Despite long-term development and evolution, recommender system algorithms still have some shortcomings. For example, limited data collection capabilities cannot cope with the current massive amounts of information, and poor continuity in the data collection process leads to severe data sparsity. This inevitably makes it difficult for recommender system algorithms to analyze user behavior and mine user interests. At the same time, most existing recommender system algorithms focus on analyzing user and recommended product attributes to assist in recommendations, often neglecting to consider the user's context, such as the type of application the user previously viewed, the number of times the user has launched a particular application, and the dwell time, resulting in poor recommendation performance. Furthermore, recommender system algorithms also face the problem of recommendation homogenization. Most recommender systems are better at recommending resources similar to the user's historical interests; the recommended content lacks novelty, and repeated recommendations of similar resources fail to guide users to discover more new potential interests, thus limiting the recommender system's capabilities and compromising its accuracy.
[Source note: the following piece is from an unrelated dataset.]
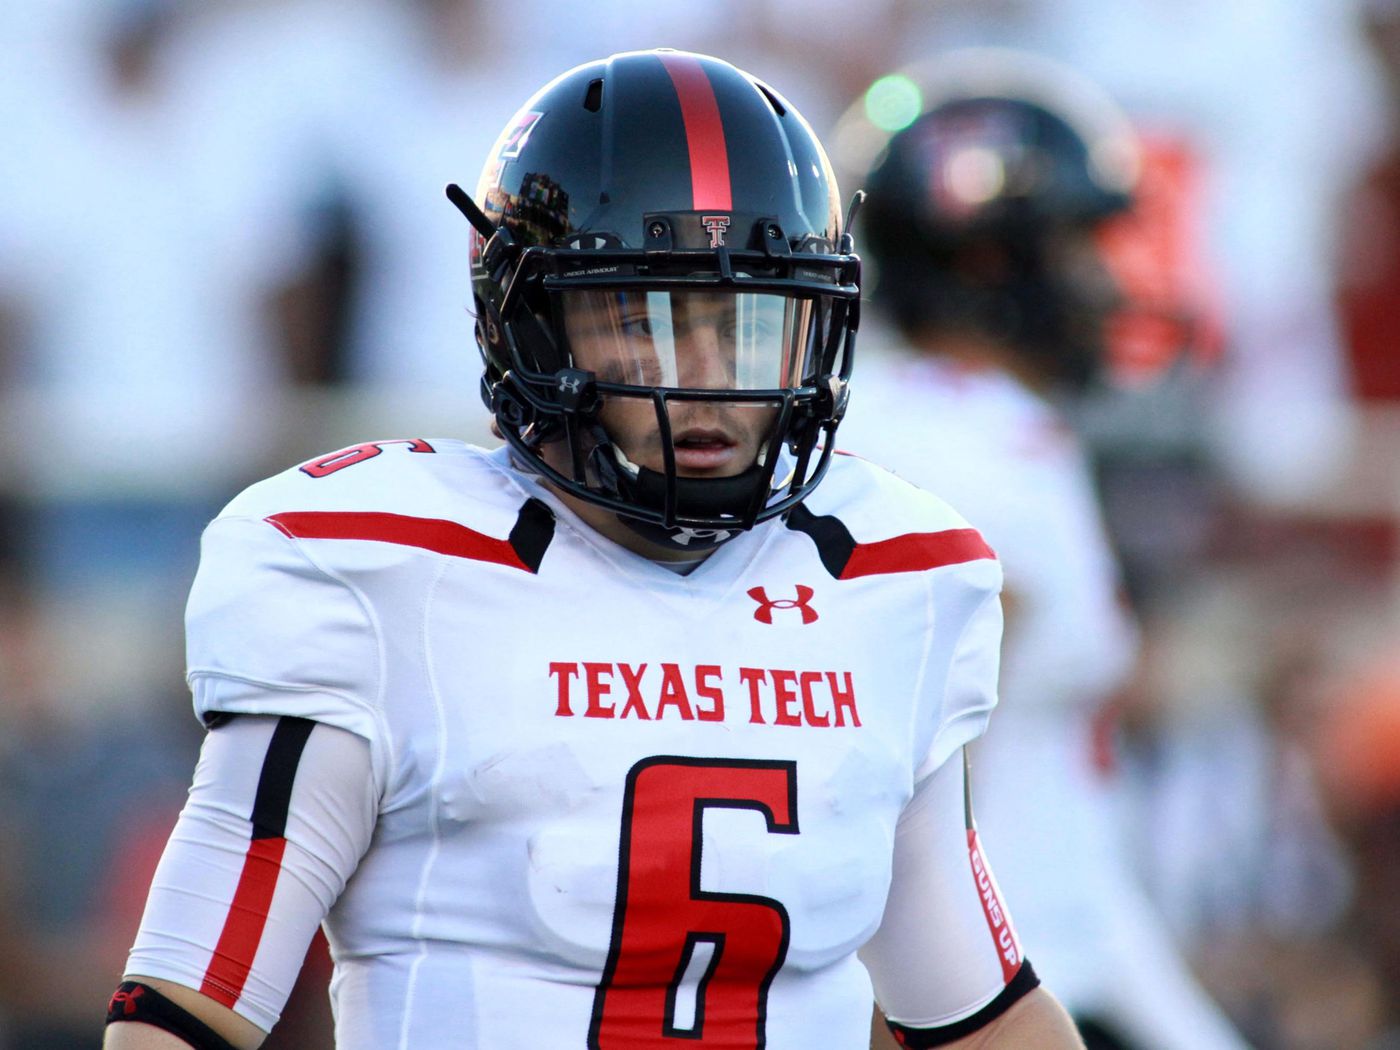 No Redshirt For 2014: A Baker Mayfield Situation - Crimson And Cream Machine

To address the limitations of traditional recommendation systems and their lack of consideration for the user's context during the recommendation process, this paper aims to further optimize traditional recommendation system algorithms by proposing a multi-dimensional application recommendation system based on user feature clustering and combined scenario features. This system will provide personalized application recommendations based on different user groups, application software characteristics, and user context information. Specifically, firstly, singular value decomposition (SVDecomposition) is performed on the feature matrix of the user group to obtain a dimensionality-reduced and denoised user vector representation. SVDecomposition of user group features removes less important components from the data, thus simplifying the representation of user features. This simplification also makes the proposed recommendation system more efficient. Secondly, hierarchical clustering analysis is performed on the feature vectors of the user group to cluster users with similar user features, and the mean vector of each user group is used as its feature representation. Based on this, the algorithm combines user context factors, taking the user as the starting point and the context as a supplement, and predicts the best application recommendation list based on the Bayesian model, thereby achieving more optimized application software recommendations for users and improving the accuracy and efficiency of users' use of massive amounts of information.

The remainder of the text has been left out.